Interplay between DNA repair and inflammation, and the link to cancer

Dawit Kidane, Wook Jin Chae, Jennifer Czochor, Kristin A. Eckert, Peter M. Glazer, Alfred L.M. Bothwell, Joann B. Sweasy

Research output: Contribution to journalReview articlepeer-review

130 Scopus citations


DNA damage and repair are linked to cancer. DNA damage that is induced endogenously or from exogenous sources has the potential to result in mutations and genomic instability if not properly repaired, eventually leading to cancer.
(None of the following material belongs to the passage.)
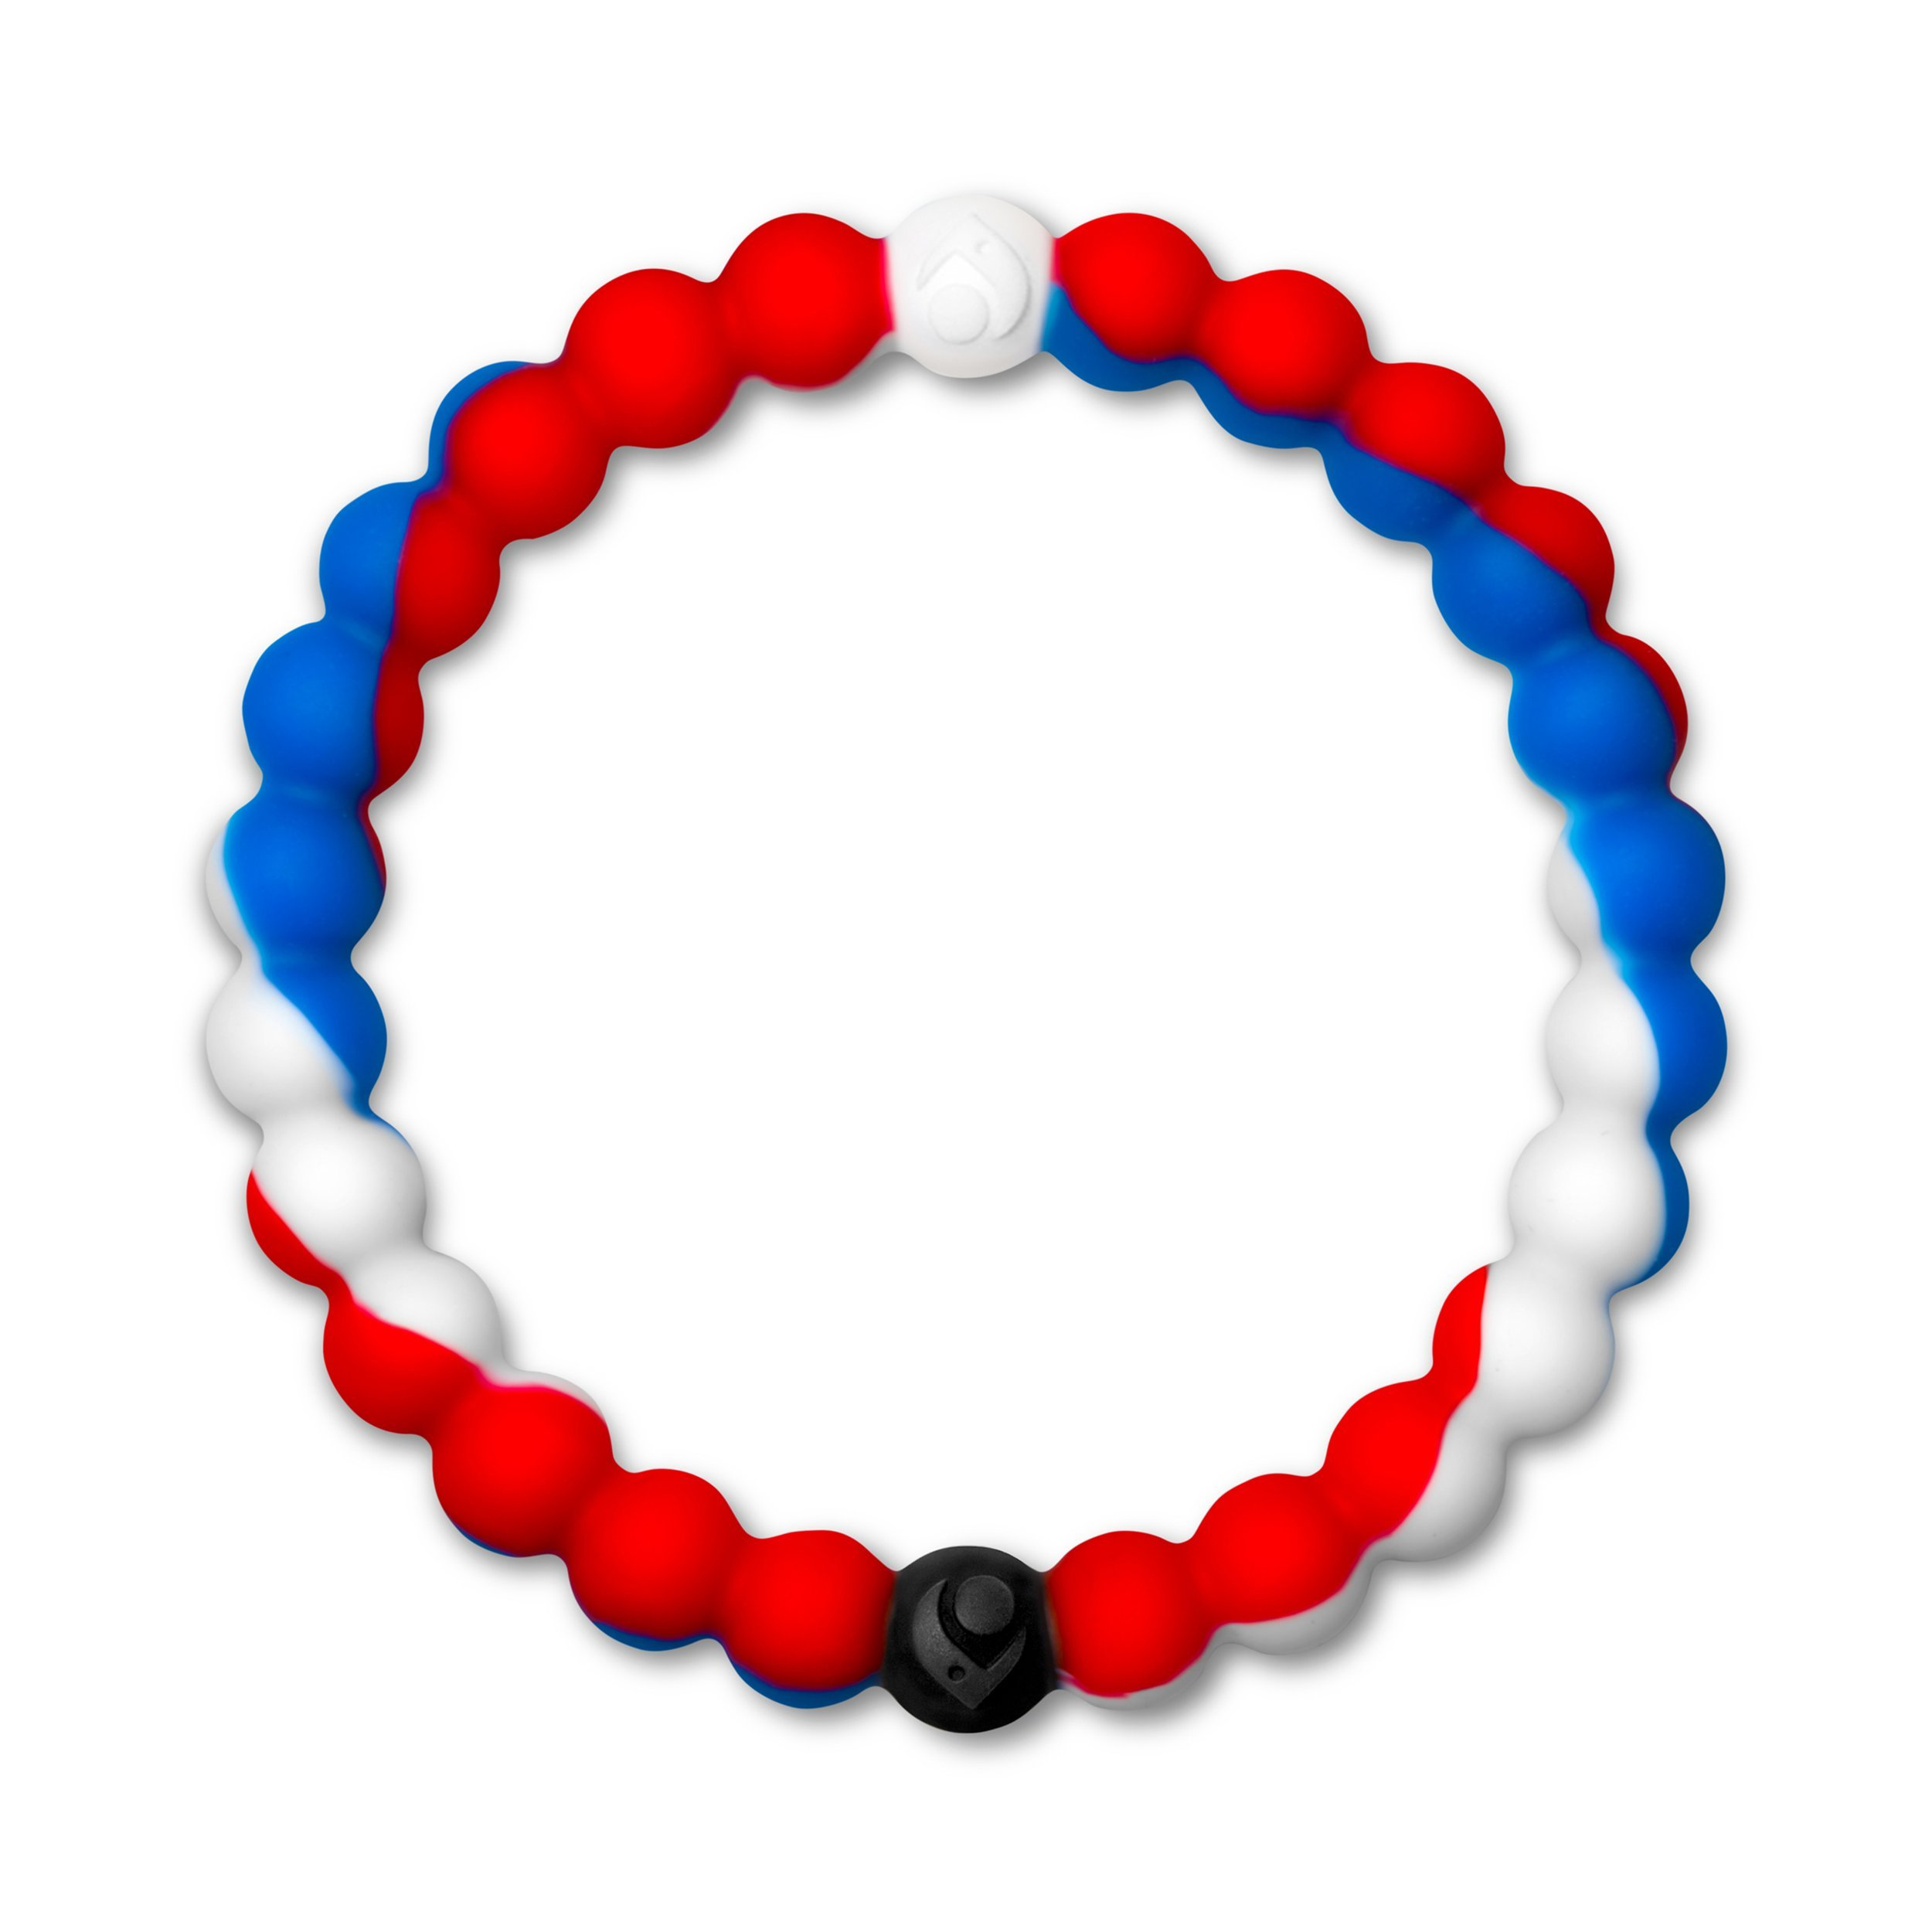 Lokai Wear Your World Cause Bracelet, Blue/Red/White, 6.5'' - Medium by Lokai

Inflammation is also linked to cancer. Reactive oxygen and nitrogen species (RONs) produced by inflammatory cells at sites of infection can induce DNA damage. RONs can also amplify inflammatory responses, leading to increased DNA damage. Here, we focus on the links between DNA damage, repair, and inflammation, as they relate to cancer. We examine the interplay between chronic inflammation, DNA damage and repair and review recent findings in this rapidly emerging field, including the links between DNA damage and the innate immune system, and the roles of inflammation in altering the microbiome, which subsequently leads to the induction of DNA damage in the colon. Mouse models of defective DNA repair and inflammatory control are extensively reviewed, including treatment of mouse models with pathogens, which leads to DNA damage. The roles of microRNAs in regulating inflammation and DNA repair are discussed. Importantly, DNA repair and inflammation are linked in many important ways, and in some cases balance each other to maintain homeostasis. The failure to repair DNA damage or to control inflammatory responses has the potential to lead to cancer.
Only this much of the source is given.